Destes estudos surgiu a coletânea Epistemologias da Docência Universitária (Fávero; Tonieto, 2016) composta de 12 capítulos onde são abordadas as seguintes temáticas: a dimensão crítico-dialética na formação docente na perspectiva freireana, o lugar da teoria na pesquisa sobre docência na Educação Superior, os aspectos do pensamento complexo que perpassa a autoeco-organização e autoeco-formação do docente universitário iniciante, a atitude vigilante do professor universitário para enfrentar os obstáculos epistemológicos do seu fazer docente, a constituição dos saberes da docência universitária, a epistemologia que perpassa o fazer docente no cenário da sociedade líquida baumaniana, a negação da pedagogia das aparências em prol de uma pedagogia científica na perspectiva bachelardiana, o falibilismo como fundamento epistemológico na formação de professores para o ensino de ciências naturais, os paradigmas necessários à construção da docência universitária no cenário atual, a relação entre racionalismo aplicado e os novos rumos da ciência contemporânea para compreender a docência universitária, a sensibilização docente na compreensão da epistemologia da prática na docência universitária.

A interdisciplinaridade também foi tema de estudos do Gepes e torna-se uma temática imprescindível para enfrentar os desafios da docência universitária contemporânea. Destes estudos surgiu a coletânea Interdisciplinaridade e Formação Docente (Fávero; Tonieto; Consaltér, 2018), composta de 15 capítulos onde são tratados as seguintes temáticas: entendimentos  e perspectivas da interdisciplinaridade na formação de professores, a interdisciplinaridade e o falibilismo na formação docente, os equívocos e as possibilidades da interdisciplinaridade na formação de professores, a resolução de problemas como prática interdisciplinar na educação, a perspectiva história e política da interdisciplinaridade pelo enfoque da educação, as interlocuções possíveis entre interdisciplinaridade e alteridade na educação numa perspectiva estética, a vivência teatral como experiência interdisciplinar formativa, a interdisciplinaridade como crítica à fragmentação do saber, o desafio da reflexividade interdisciplinar na educação escolar, o potencial freireano e interdisciplinar nos processos formativos, as exigências e consequências da complexidade presente na relação entre interdisciplinaridade e educação em direitos humanos, a interdisciplinaridade proposta para a educação física no Referencial curricular do Rio Grande do Sul, a interdisciplinaridade na formação de docentes na Educação infantil na perspectiva da psicanálise e a presença da interdisciplinaridade no campo teórico e no campo de intervenção das políticas educativas.

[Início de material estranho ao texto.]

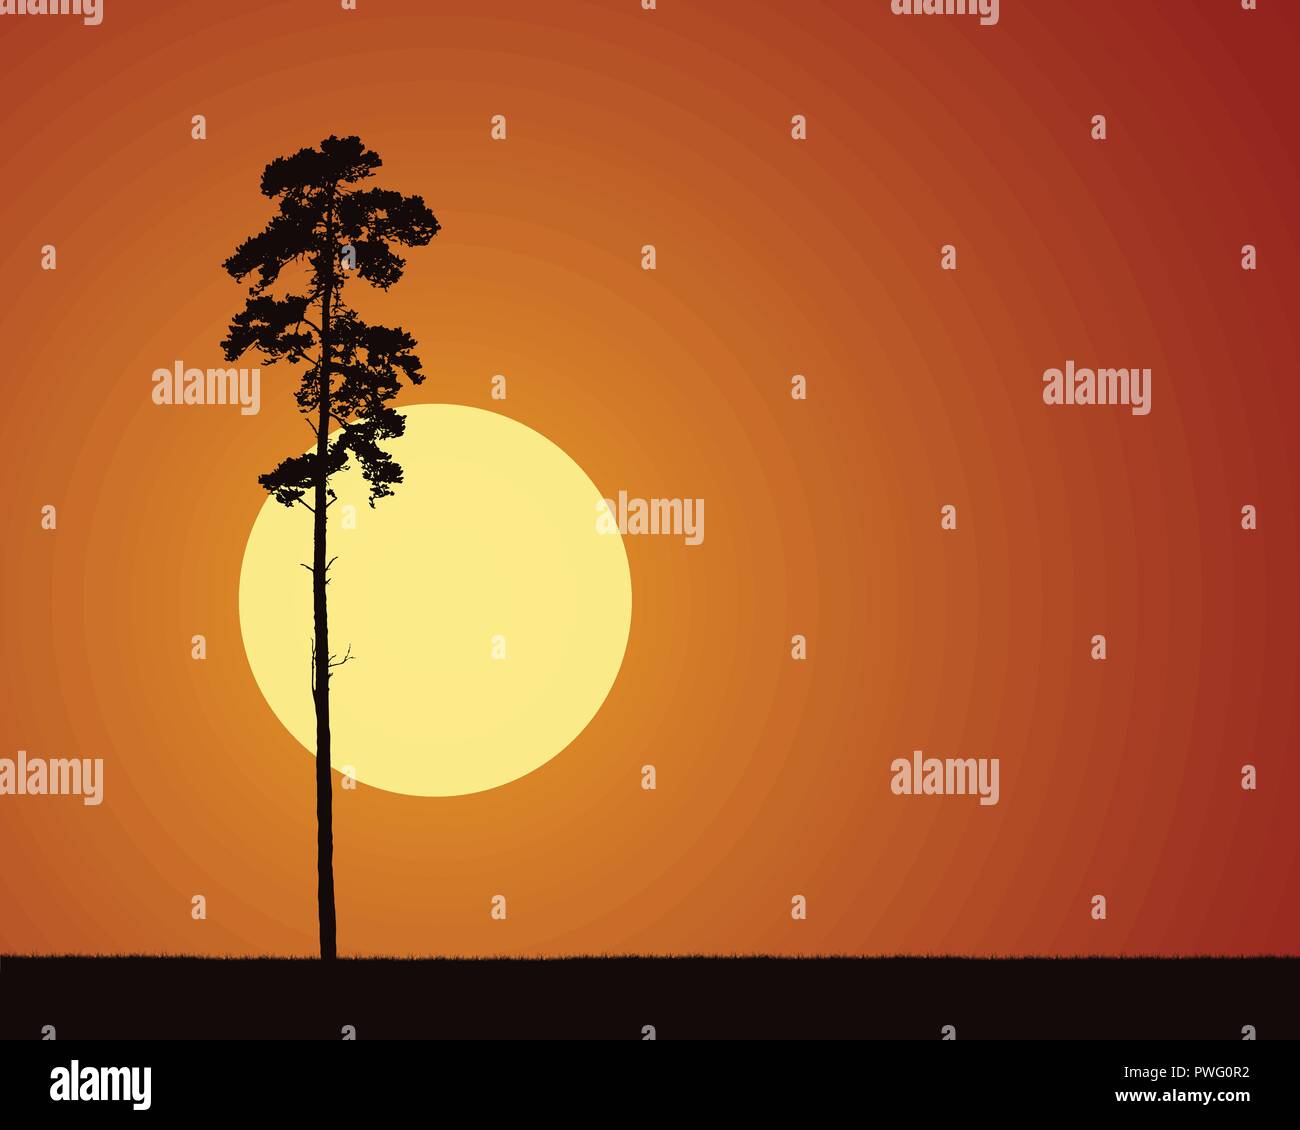 Illustrazioni realistiche con stagliano conifera albero ed erba, con l'aumento o impostazione di sole al mattino o alla sera cielo arancione - vettore Illustrazione Vettoriale

A relação entre políticas educacionais e formação de professores também foi pauta de estudos e discussões dos pesquisadores do Gepes na disciplina “Políticas de Formação de Professores”, na qual participaram mestrandos, doutorandos e alunos com matrícula especial no segundo semestre de 2018. Destes estudos e discussões resultou a publicação da coletânea Políticas de Formação de Professores (Fávero; Consaltér; Trevisol, 2019) composta de 14 capítulos onde são tratadas as seguintes temáticas: o desafio da prática pedagógica na formação docente de professores de cursos de bacharelado, a pós-graduação stricto sensu como espaço de formação docente no contexto da educação inclusiva, as diretrizes para a formação inicial e continuada dos profissionais do magistério da educação básica, análise comparada entre os planos estaduais de educação do Rio Grande do Sul e de Santa Catarina sobre a formação de professores da educação básica, a formação docente e a construção da identidade do professor na educação infantil, a especificidade da formação continuada de professores no PROCAMPO, o lugar das humanidades na perspectiva estética da formação docente, a importância da teorias e das pesquisas na formação docente, um estado do conhecimento sobre a formação de professores para o uso de tecnologias, os sentidos atribuídos às tecnologias da informação e da comunicação por professores em formação, as compreensões teórico-metodológicas da interdisciplinaridade na gestão escolar na formação continuada de professores, um diálogo para além da especialidade na relação entre interdisciplinaridade e formação docente.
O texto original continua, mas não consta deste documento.